Detailed Description of the Invention

[0001]

BACKGROUND OF THE INVENTION 1. Field of the Invention The present invention relates to a light source device for curing a photopolymerizable resin used as a dental material.

[0002]

2. Description of the Related Art Recently, a photopolymerizable resin which is polymerized by visible light has rapidly spread as a dental material for dental preservation and restoration. The photopolymerizable resin is a monomer in which a photosensitizer is blended, and the photosensitizer absorbs light and decomposes when irradiated with light, which initiates a polymerization reaction of the monomer. Such a photopolymerizable resin has an advantage that the polymerization reaction speed and the curing depth can be changed by the irradiation intensity of light. As dental materials, for example, α-diketones such as camphorquinone (CQ) are used as photosensitizers, and polyfunctional methacrylates such as methyl methacrylate are used as monomers. Camphorquinone absorbs light having a wavelength of 410 to 500 nm, but has a sharp absorption characteristic particularly for light having a wavelength of 430 to 480 nm.

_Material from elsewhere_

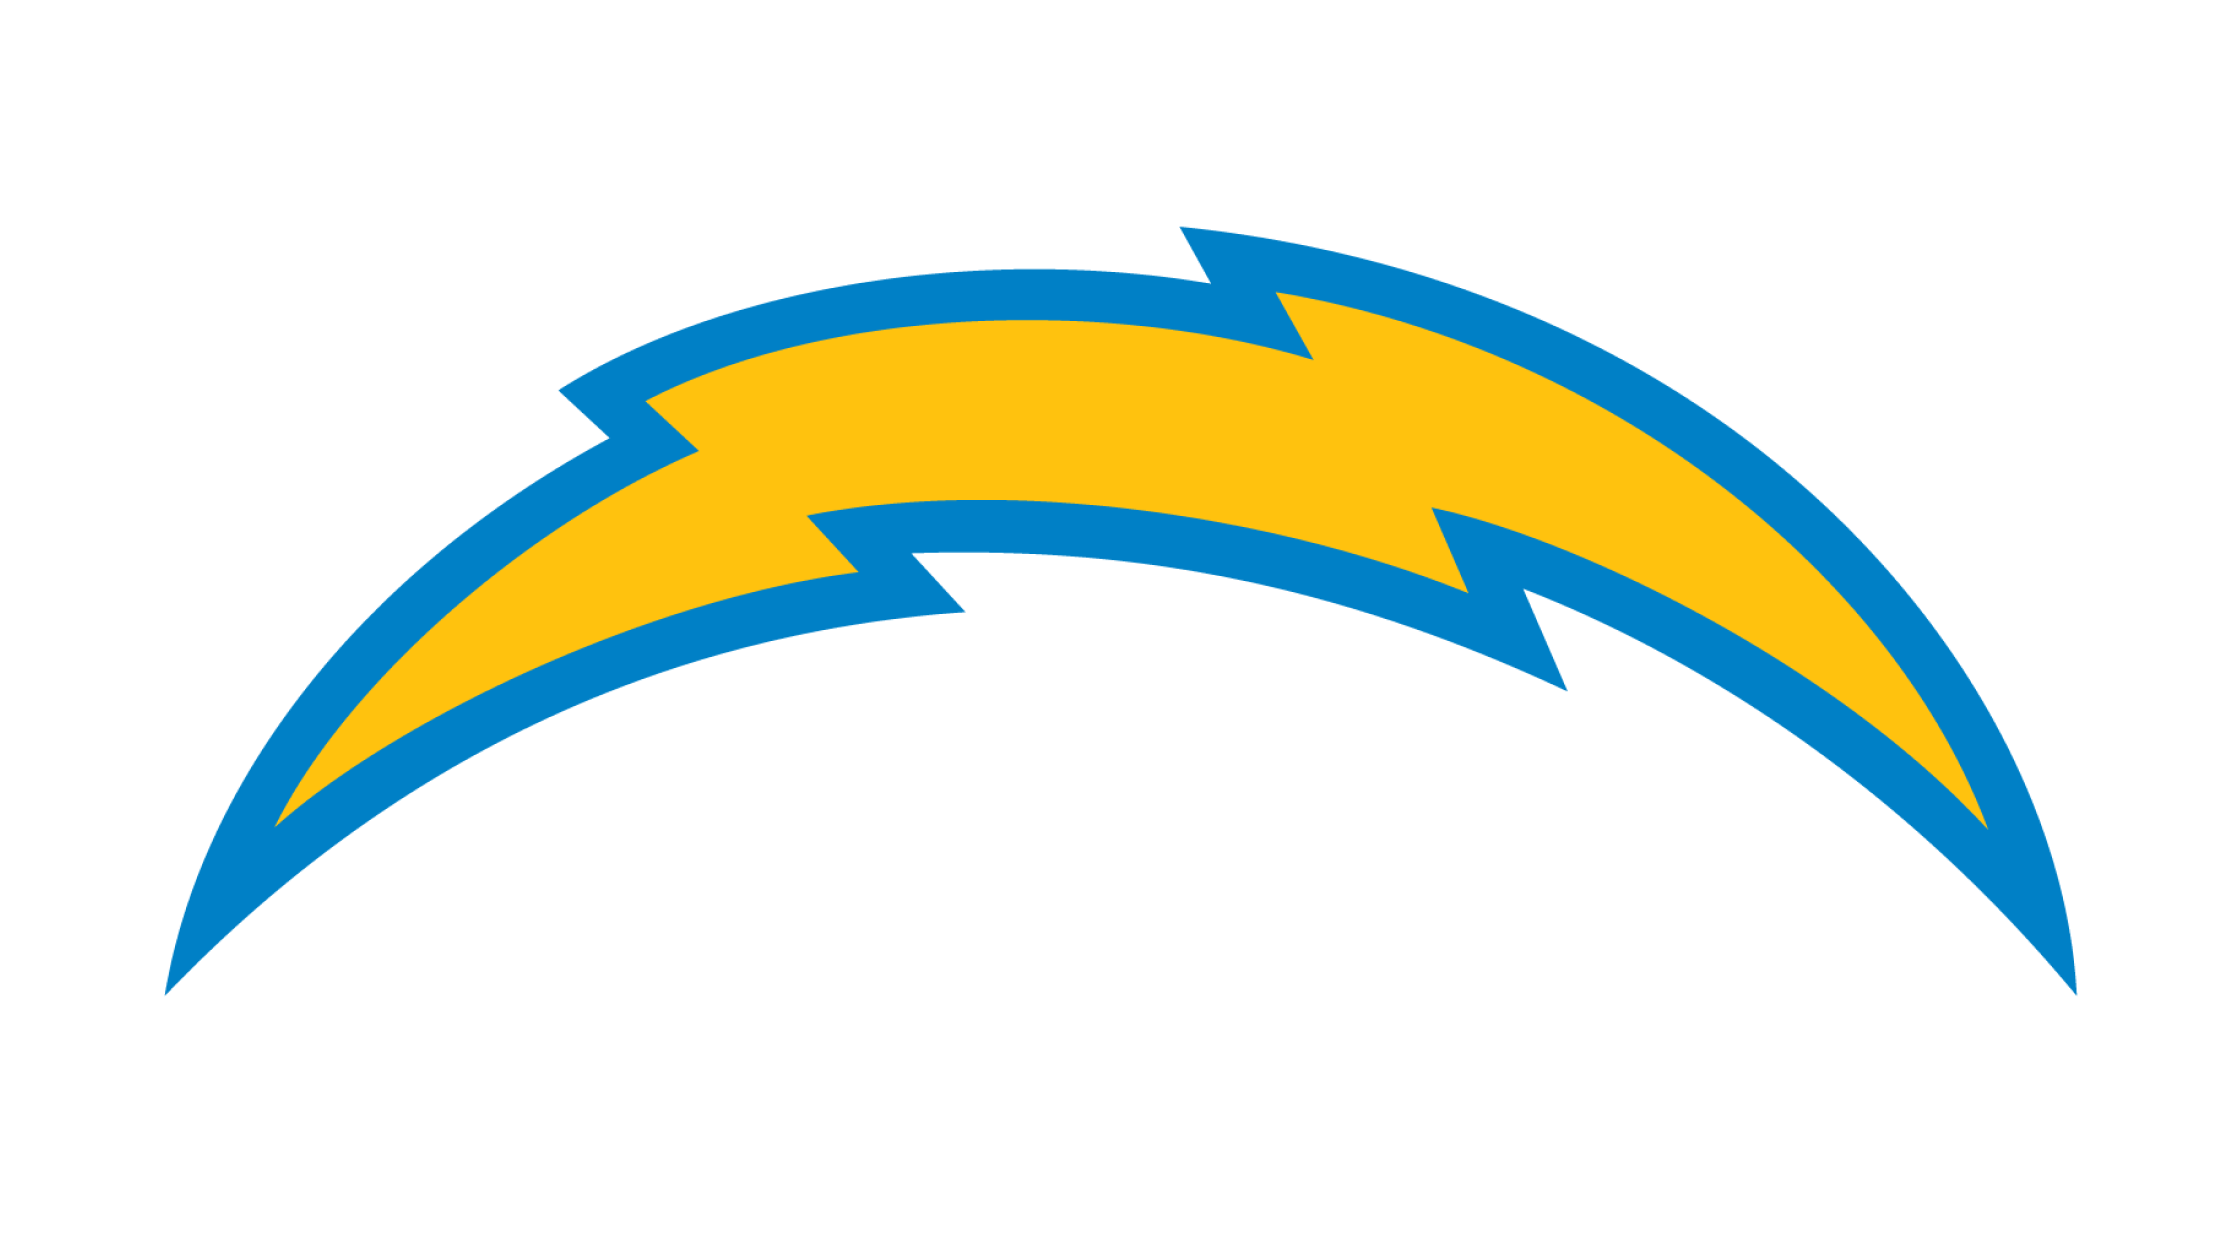 chargers madden 23 ratings

A halogen lamp is generally used as a light source for curing such a resin. Since the output light of the halogen lamp contains light of various wavelengths, camphorquinone is well absorbed 410-410.
Light having a wavelength close to 500 nm is selected by an optical filter and is applied to the photopolymerizable resin. FIG. 4 shows a spectrum of light emitted from a conventional light source device and an absorption wavelength band of camphorquinone. Since the spectral spectra A to D of the conventional light source device composed of the combination of the halogen lamp and the optical filter are shifted to the longer wavelength side than the absorption wavelength band of camphorquinone, this light source is effective for curing camphorquinone. You can see that it is not working.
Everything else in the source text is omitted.